Wait, you realize that is what he told you and not necessarily what happened, right? Do not put these statements out here as facts. You have no idea if he approached her or not. You need to be aware of that and admit that to yourself.


----------



## Trident

TexasMom1216 said:


> You wouldn't know about the other times, either, he told you this time why? To humiliate you? To punish you?


Would you stop already with the whole "This isn't the only time" crap? You said it earlier on this thread, with no supporting basis whatsoever, you apologized for it and here you go again.
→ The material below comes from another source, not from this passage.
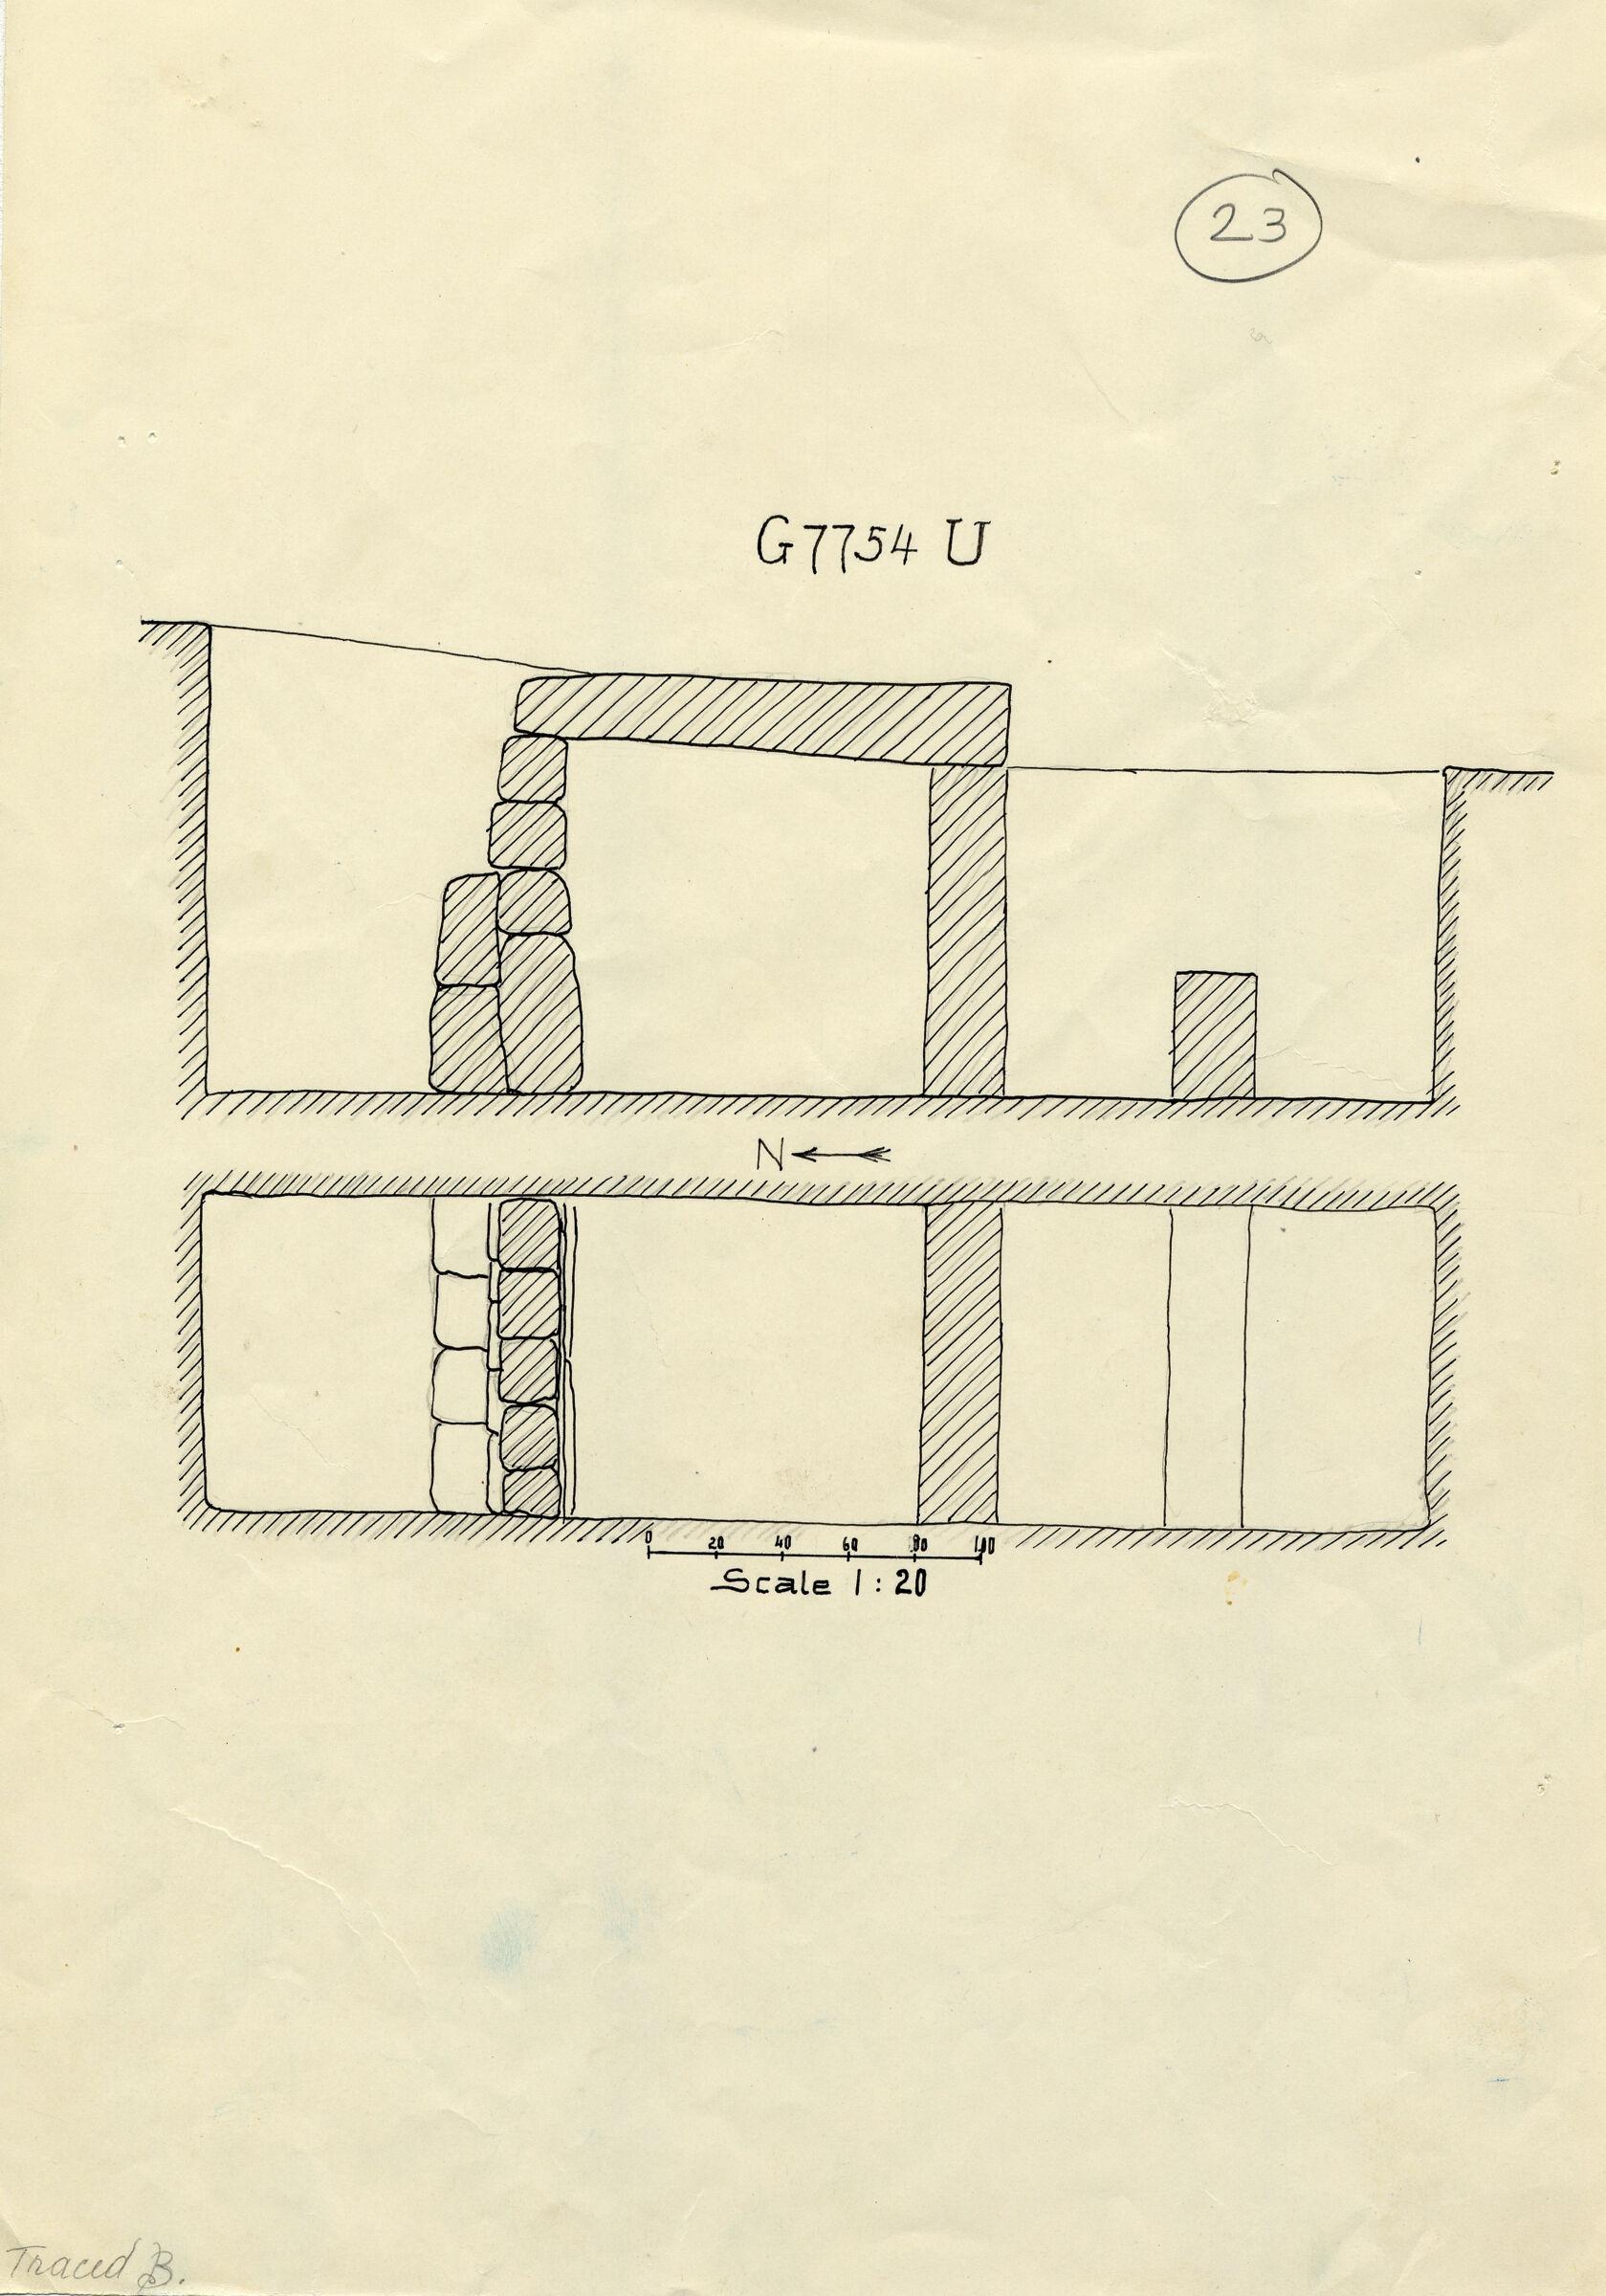 Maps and plans: G 7754, Shaft U

Not the least bit helpful and not necessarily the least bit true. It almost sounds like you're trying to inflict further pain by making suggestions about things that are completely unsubstantiated.


----------



## Sfort

He broke his most sacred of vows (forsaking all others). However, now you think he will not break his much-less sacred vow (forsaking all others _again_). At least you're aware. You probably have to give him one more chance to satisfy yourself that it wasn't a one-off thing. Take re16's advice and have him take a polygraph. We know you won't do it, but do at least consider it. You're being played like a violin.


----------



## Openminded

My exH claimed he was pursued. I guess he thought that made it better. It didn’t.


----------



## uwe.blab

I never said 'this wasn't the only time'.


----------



## Openminded

And you need to stop assuming that your husband is totally telling the truth. Cheaters tend to deflect so they don’t look as bad. In other words, they usually lie about what really happened.


----------



## Beach123

He sure was quick to “know a place to go”
He didn’t even have to stop to think of a place… he was ready with the place to meet. Seems like he had intent.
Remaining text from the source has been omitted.